Relationship Among Appetite, Satiation, and Reward

How does the brain regulate initiation and termination of behavior? This question is particularly important for nutrient ingestion because animals need to ingest right amounts of each nutrient factor. Either too much or too little eating/drinking poses risks to our health. To achieve this fine balance, the brain monitors the internal need as well as ingestive behaviors on a real-time basis. For instance, when thirsty animals drink water, both liquid gulping action and gut osmolality change send rapid satiation signals to the brain, which in turn suppress the thirst drive prior to water absorption to the body (Augustine et al., Nature 2018, Augustine et al., Neuron 2019).

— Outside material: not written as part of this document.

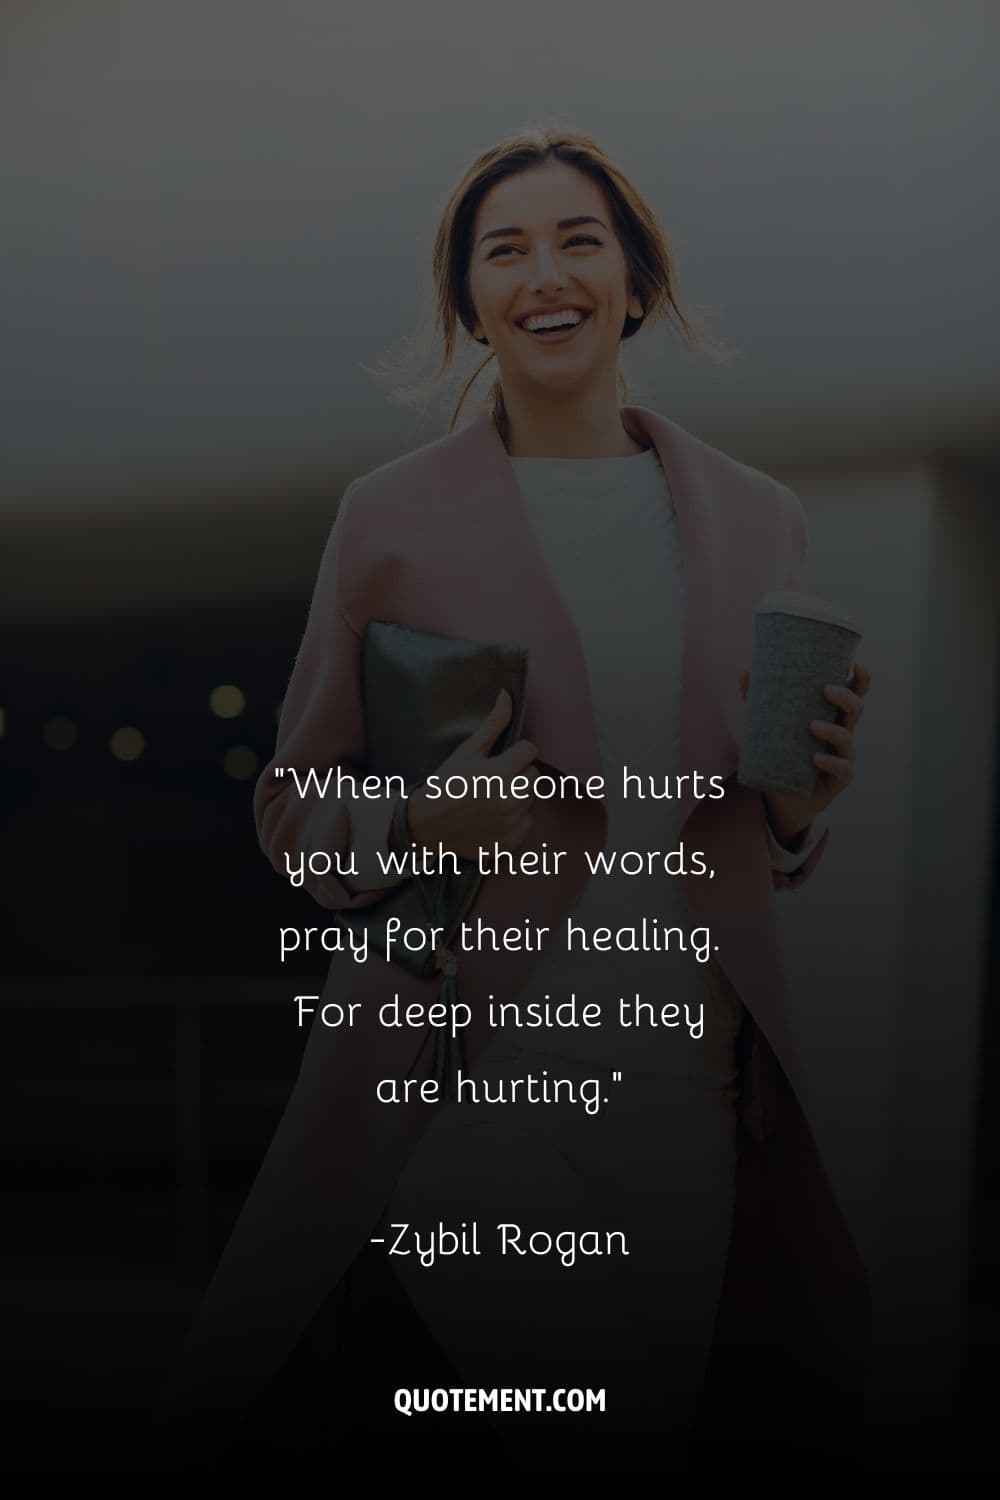 When someone hurts you with their words, pray for their healing. For deep inside they are hurting

Balance between water and sodium

Fine regulation of internal sodium and water balance is critical for body fluid homeostasis and survival for any organisms. Imbalance of these two nutrients can cause serious health issues such as dehydration and renal dysfunction. We study the neural mechanisms by which the brain controls appetite toward water and sodium. Our recent studies identified neural circuits that regulate water intake in the forebrain lamina terminalis (Oka et al., Nature 2015) and sodium ingestion in a hind brain structure (Lee et al., Nature 2019). Following up these findings, we are interested in 1) how individual appetites are processed throughout the brain, and 2) how sodium appetite and thirst circuits interact each other to balance internal osmolality environment.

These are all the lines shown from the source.